— ASSIGNMENT —
The material beneath this line should be printed exactly, with its pictures omitted.

— EXERCISE DATA —
= = = =
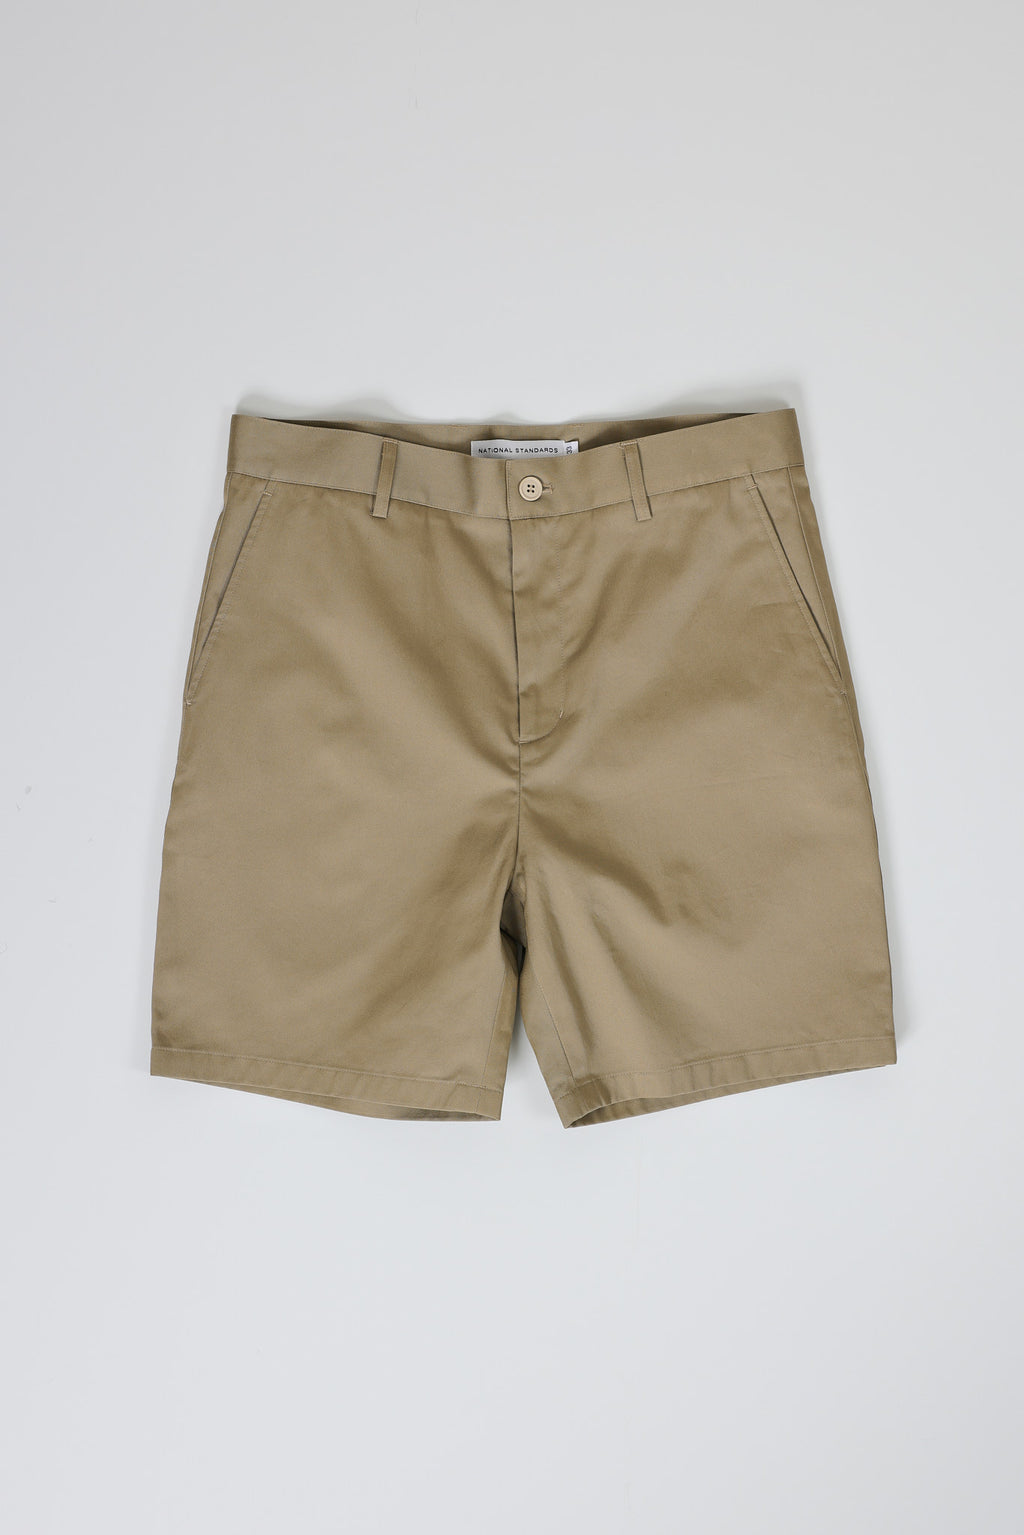 Japanese Chino Shorts High Density Twill in Khaki 01
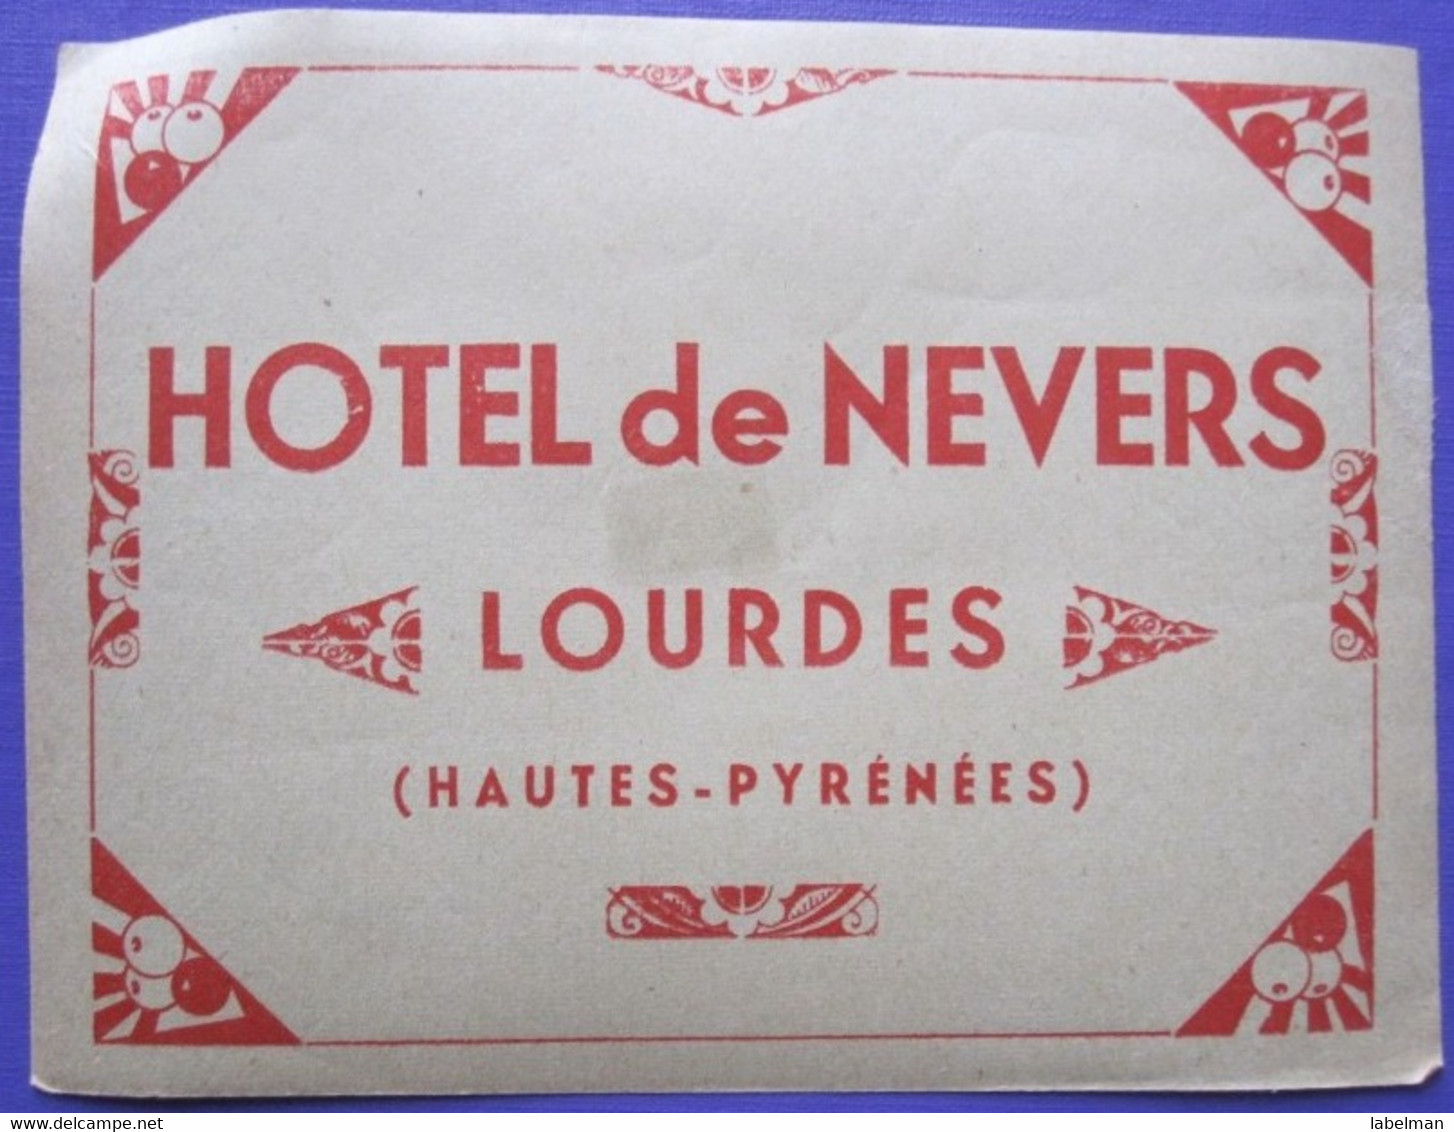 HOTEL AUBERGE NEVERS LOURDES PYRENEES DECAL FRANCE STICKER LUGGAGE LABEL ETIQUETA ETICHETTA ETIQUETTE AUFKLEBER PARIS - Hotel Labels
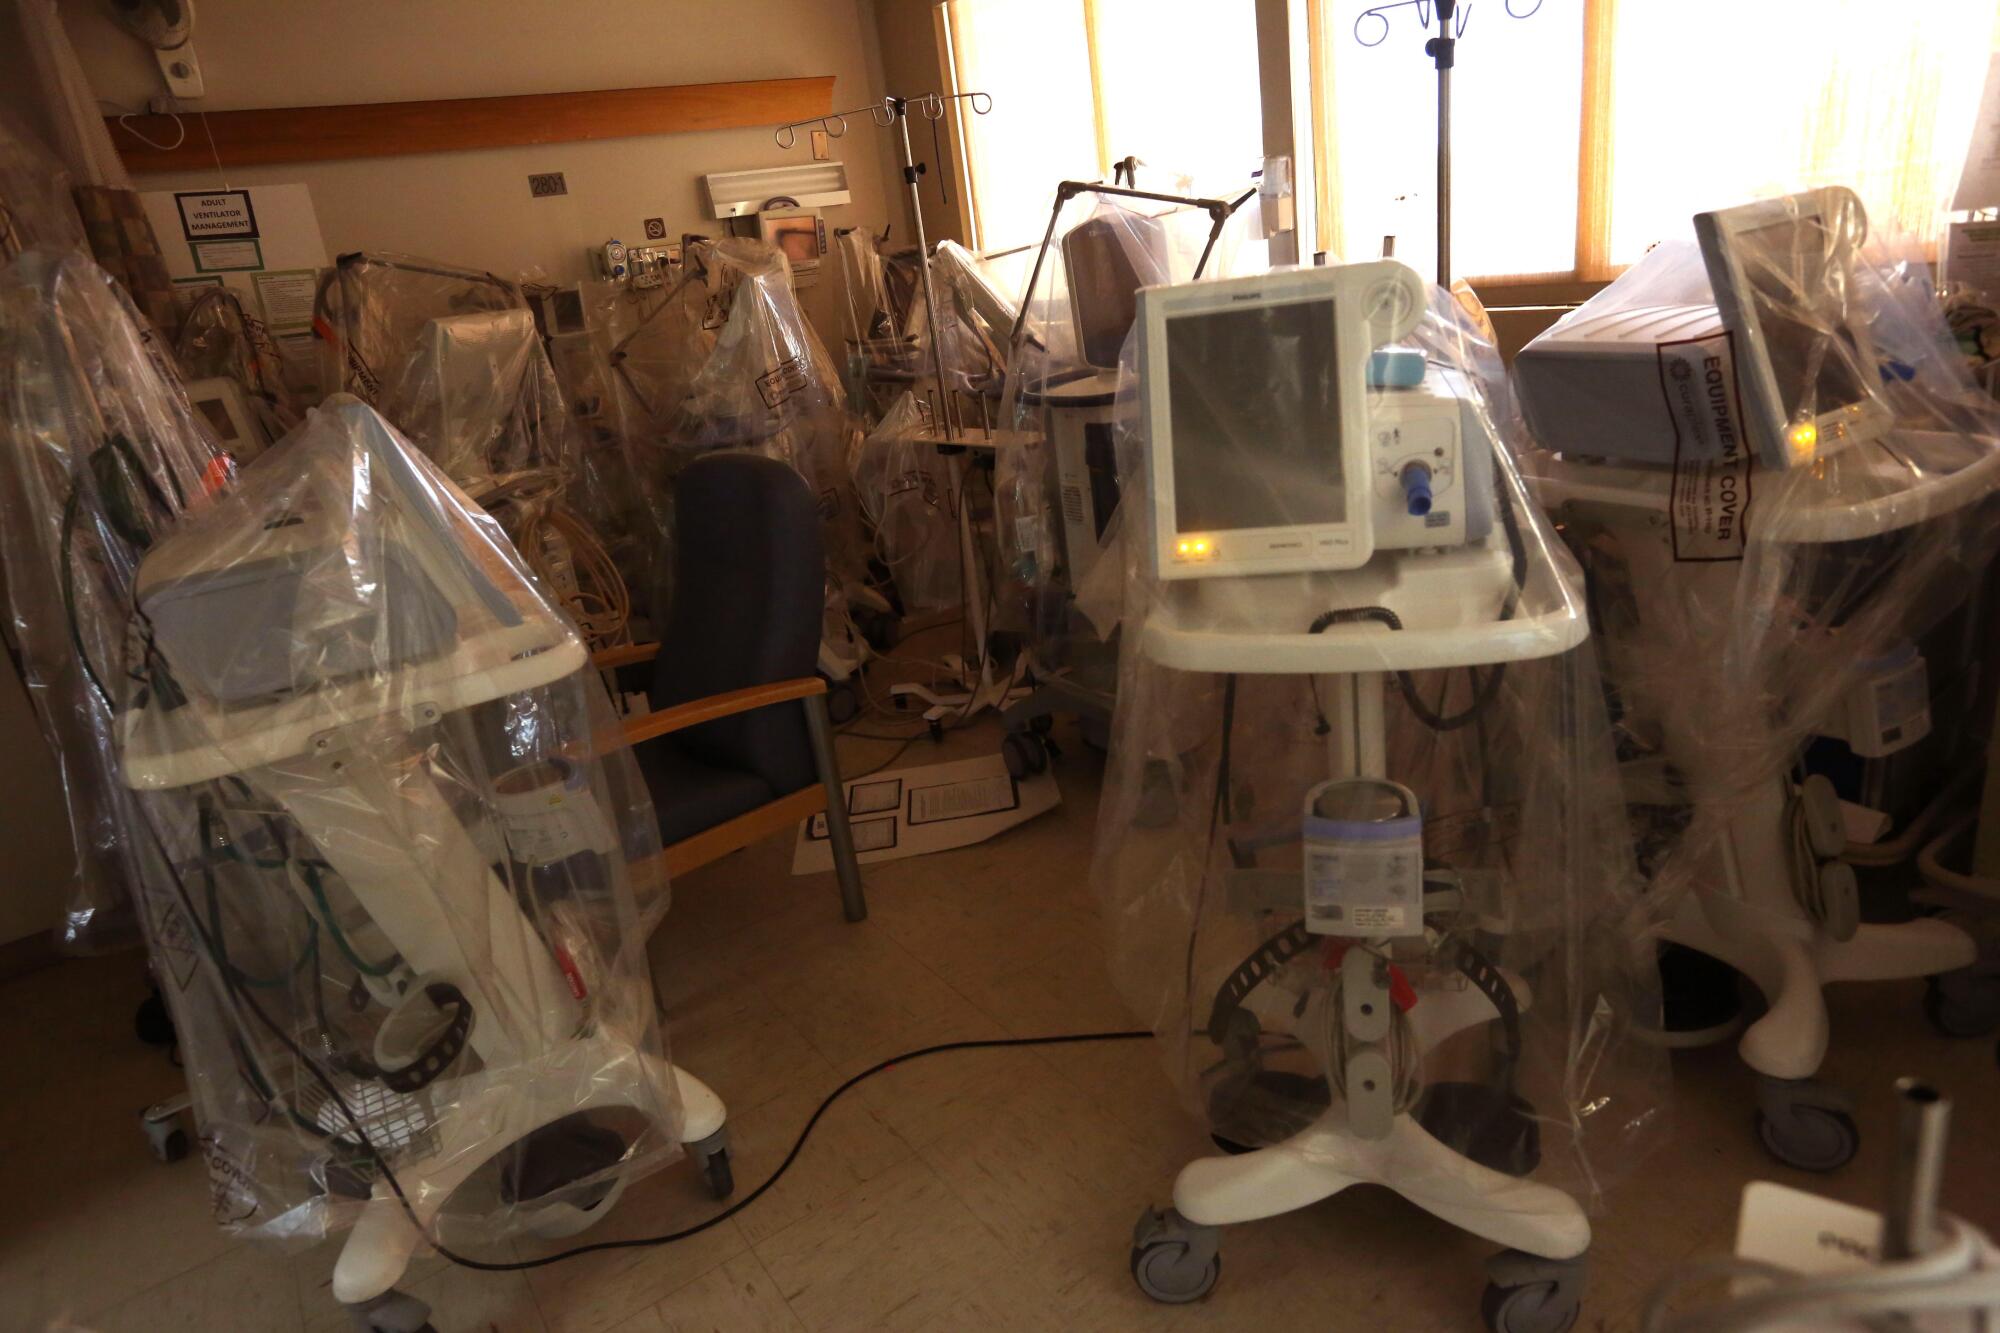 Respirators sit idle inside the shuttered Madera Community Hospital
= = = =
— TASK SOLUTION —
 Japanese Chino Shorts High Density Twill in Khaki 01
 HOTEL AUBERGE NEVERS LOURDES PYRENEES DECAL FRANCE STICKER LUGGAGE LABEL ETIQUETA ETICHETTA ETIQUETTE AUFKLEBER PARIS - Hotel Labels
 Respirators sit idle inside the shuttered Madera Community Hospital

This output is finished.